An international study organized by the World Health Organization, reveals that Icelandic children find it easy to talk to their parents. Icelandic fathers come out on top of the list when it comes to ease of communication with both their sons and daughters.

The report notes that parental communication is crucial for the wellbeing and health of children, operating as “one of the key portals through which the family functions as a protective health asset, equipping young people to deal with stressful situations and buffering them against adverse influences. … Supportive communication with parents also moderates the negative effects of electronic media use on life satisfaction during adolescence.”
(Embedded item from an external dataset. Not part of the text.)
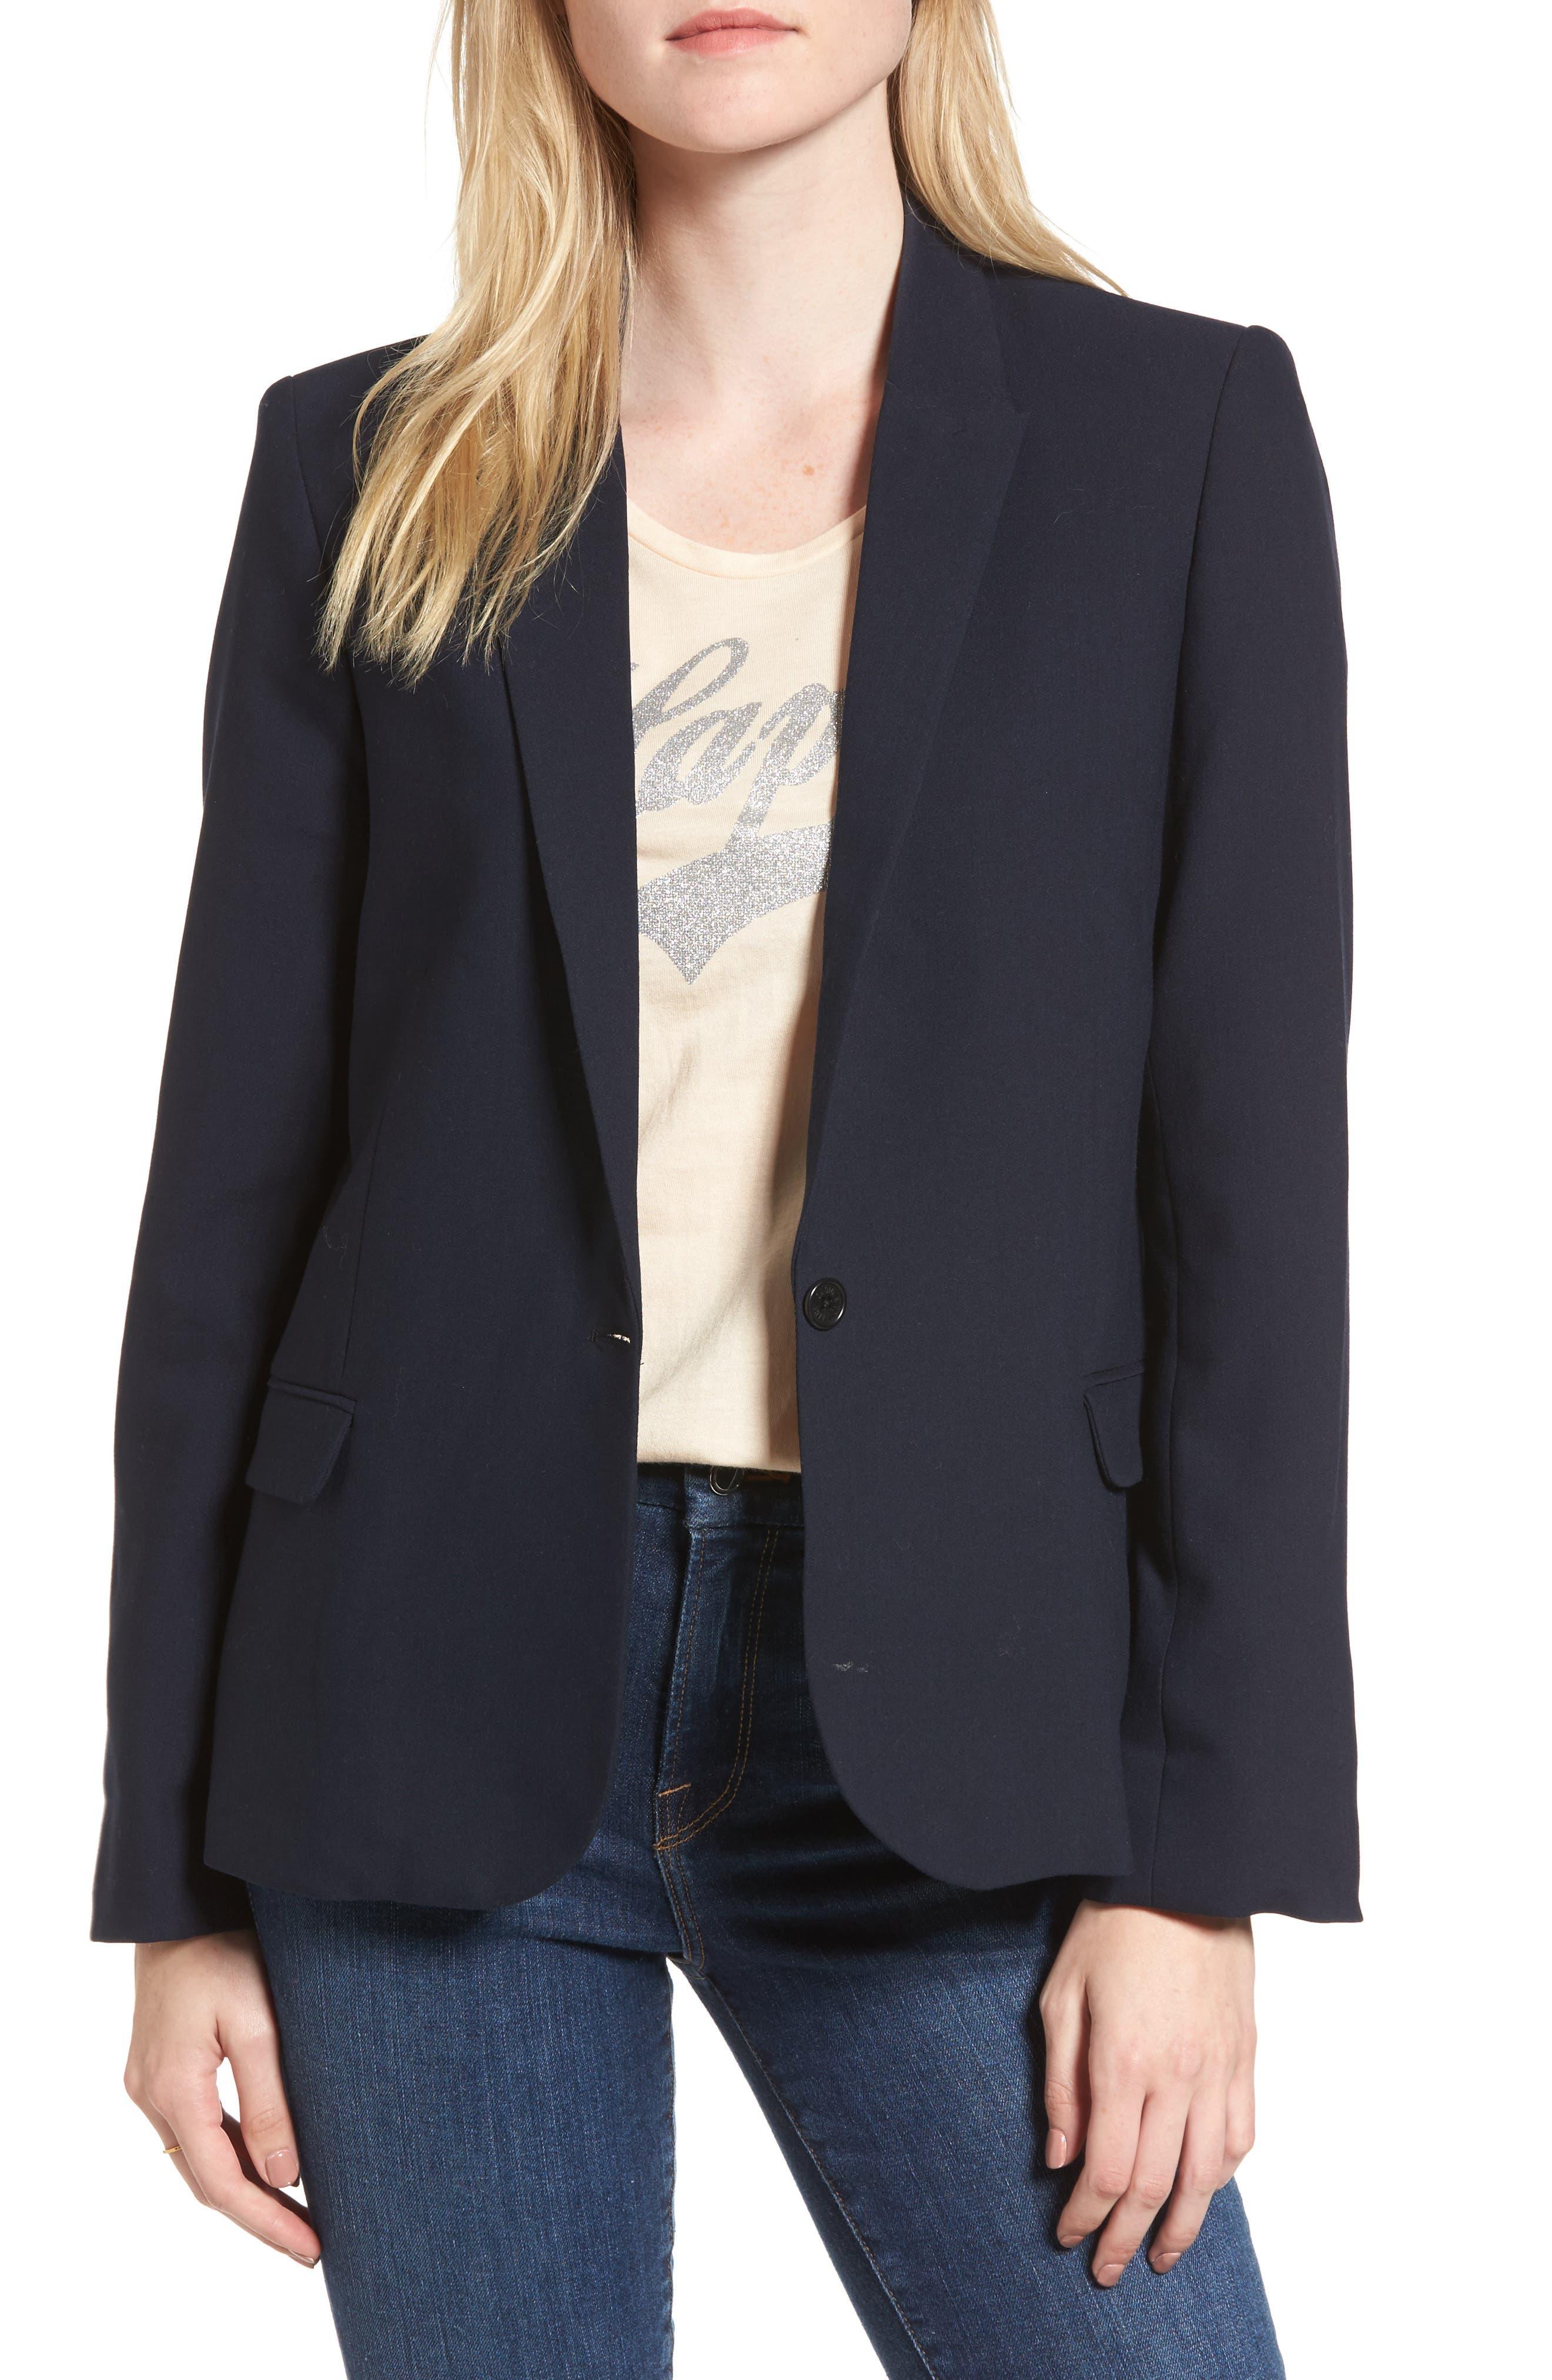 Zadig & Voltaire Victor Love Bis Studded Jacket

Read more: Study: Icelandic teenagers spend more time with parents, consume less alcohol, drugs

Specifically, a positive father–child relationship is important since ease of communication with fathers “has a protective role in maintaining young people’s emotional well-being, self-esteem and positive body image, particularly for girls.”

Strong father-child bonds
The study, Health and Behaviour of School-Aged Children, surveyed a number of health related factors for 220,000 children of both genders, aged 11, 13 and 15 from 42 countries in North America and Europe. The study found that 92% of 11 year old boys and 87% of girls found it easy to talk to their fathers, both of which were the highest measures reported in the study. The average for the 41 countries was that 83% of 11 year old boys and 73% of 11 year old girls reported they found it easy to talk to their fathers.

The report also found that this ease of communication between Icelandic fathers and their children did not fall as much with age as it did in many other countries. For 15 year olds the average dropped by 9% in the case of boys and 16% for girls, compared to an average of 10% for boys and 19% for girls. At 15 83% of Icelandic boys reported they found it easy to talk to their fathers and 71% of girls, compared to the average of 73% and 54% respectively.

Read more: Iceland has the second highest quality of life among OECD countries

Communication with a father-figure appears to influence and affect boys and girls in different ways, the report points out. “Communication difficulties with fathers are associated with internalizing problems, especially in girls, but perceived closeness, paternal attachment and open communication reduces girls’ engagement with health-risk behaviours. The quality of the relationship with a father-figure has been found to be predictive of the development of negative emotions such as aggression in boys and emotional difficulties in girls.”

Still, Icelandic adolescents have closer relationships with their mothers
Even if Icelandic fathers have particularly strong relationships with their children, Icelandic children and adolescents find it easier to talk to their mothers. Depending on age and gender, Icelandic children are 2-13% more likely to find it easy to talk to their mothers than fathers. The ease of communication between Icelandic adolescents and their mothers is also among the highest in the world, ranking in fourth place among the 42 countries in the study.